● TASK DETAILS: What lines of the data below hold the string "Stainless"? Copy each one.

(DATA FOR THE TASK begins)

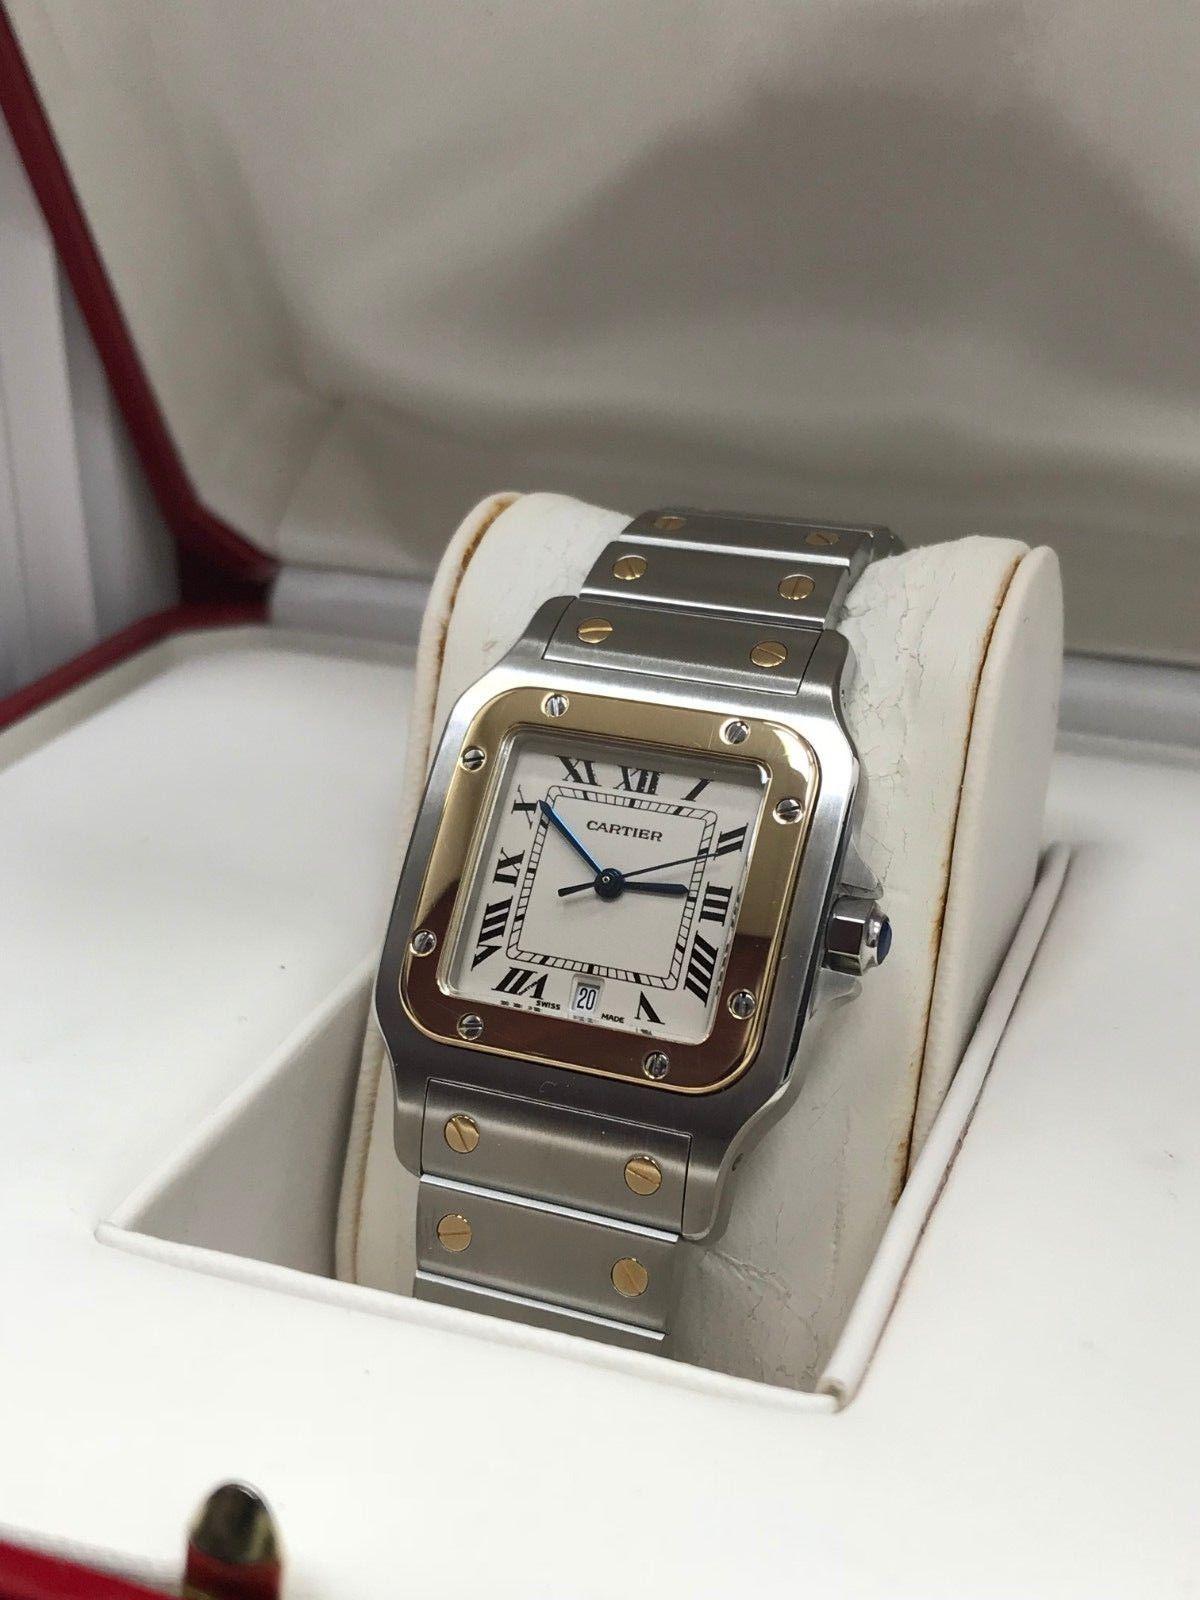 Style Number: 1566

Year: 2001

Model: Santos 

Case Material: Stainless Steel 

Band: Stainless Steel 

Bezel: 18K Yellow Gold

Dial: Ivory / White

Face: Sapphire Crystal 

Case Size: 29mm

Includes: 

-Cartier Box & Papers

-Certified Appraisal
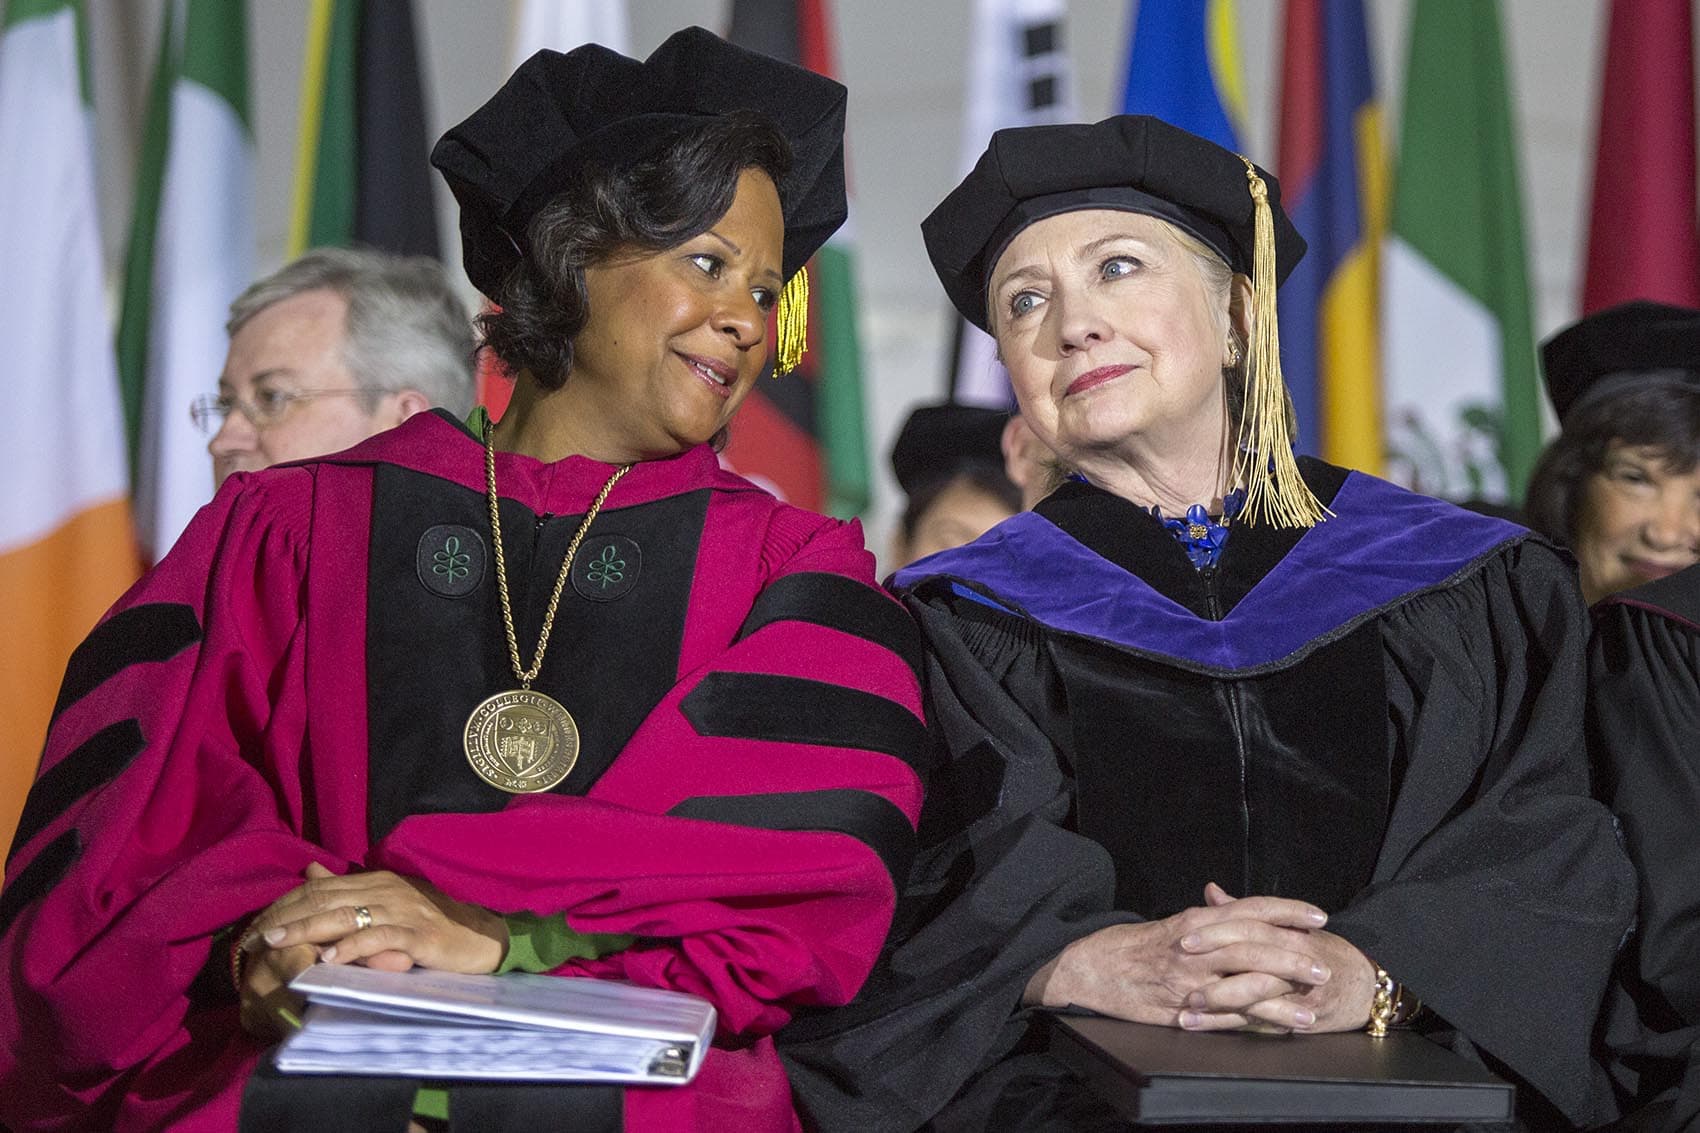 Wellesley College President Paula Johnson speaks with Hillary Clinton on stage during Friday's commencement. (Robin Lubbock/WBUR)
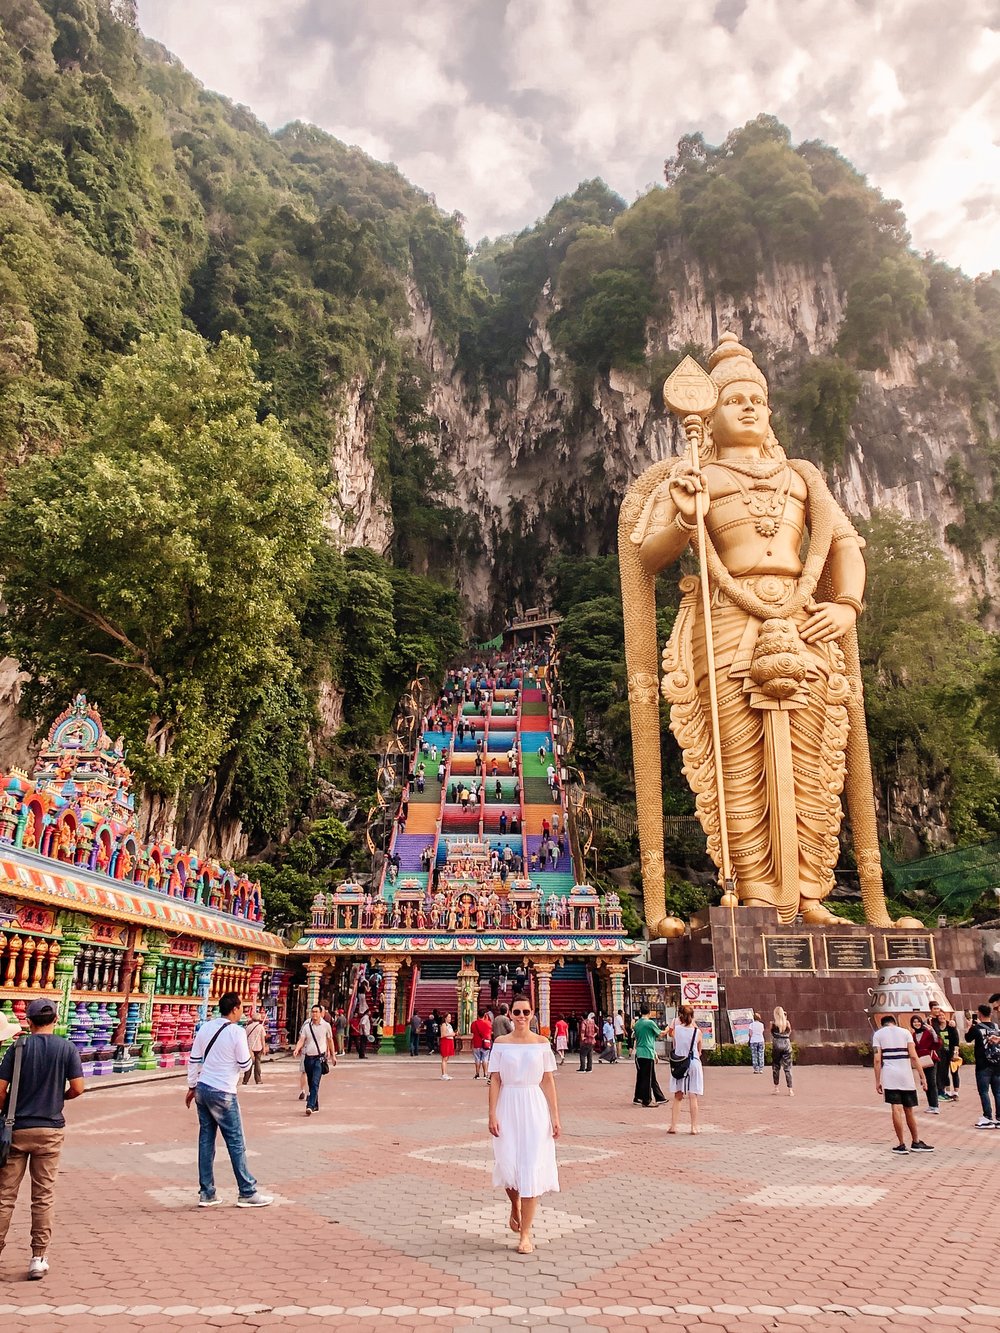 Best place to take photos at Batu Caves entrance
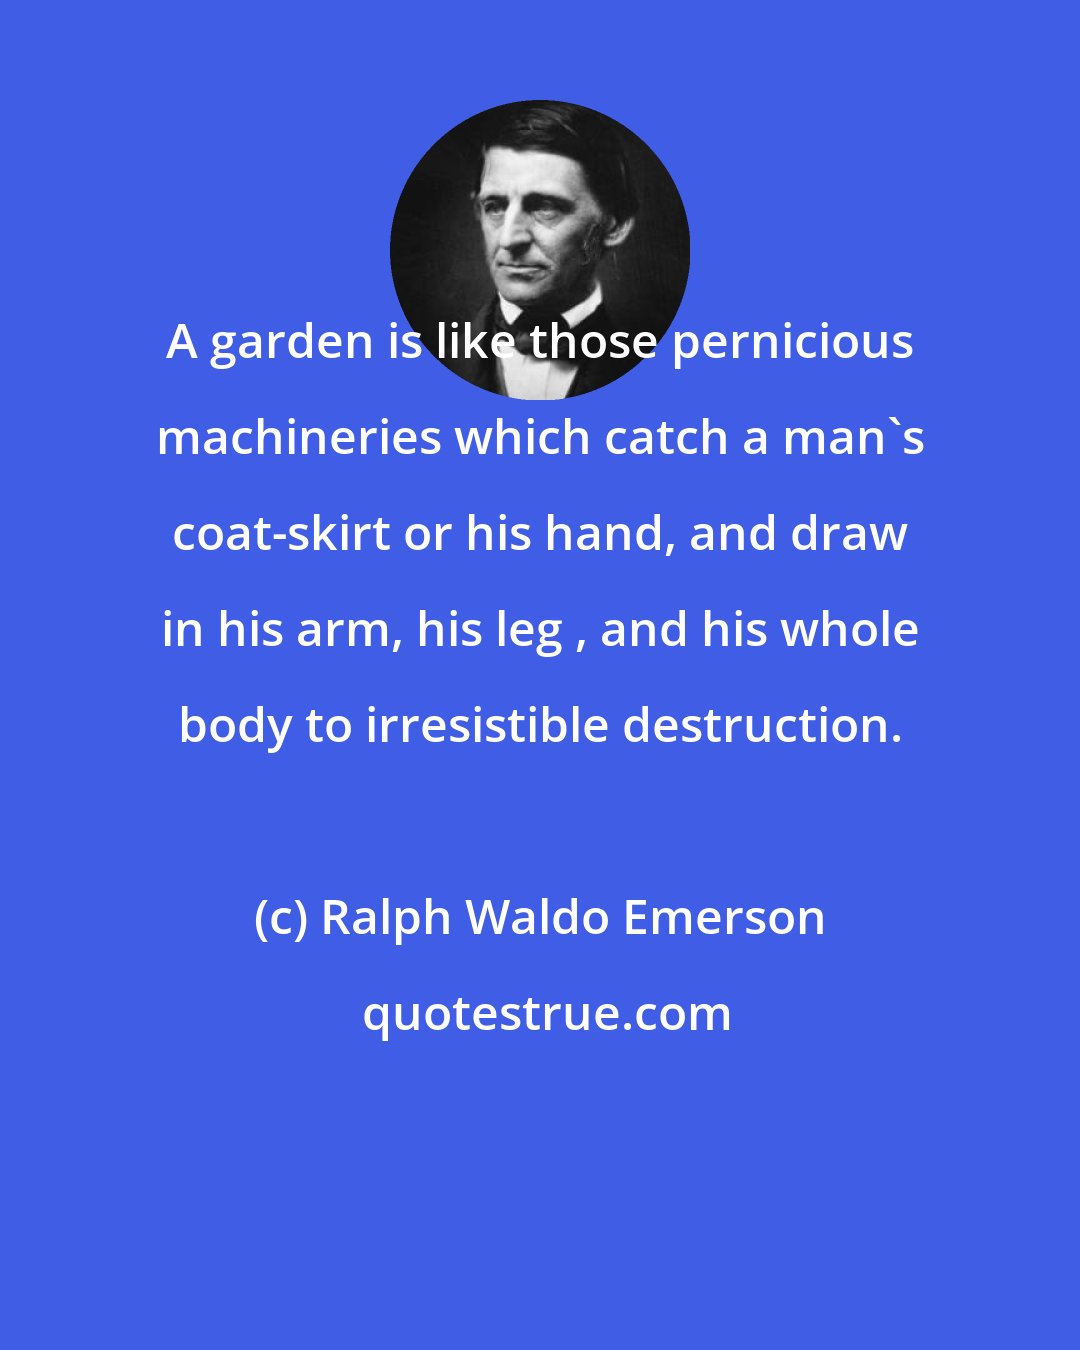 Ralph Waldo Emerson: A garden is like those pernicious machineries which catch a man's coat-skirt or his hand, and draw in his arm, his leg , and his whole body to irresistible destruction.

(DATA FOR THE TASK ends)

● YOUR RESPONSE:
Case Material: Stainless Steel 
Band: Stainless Steel 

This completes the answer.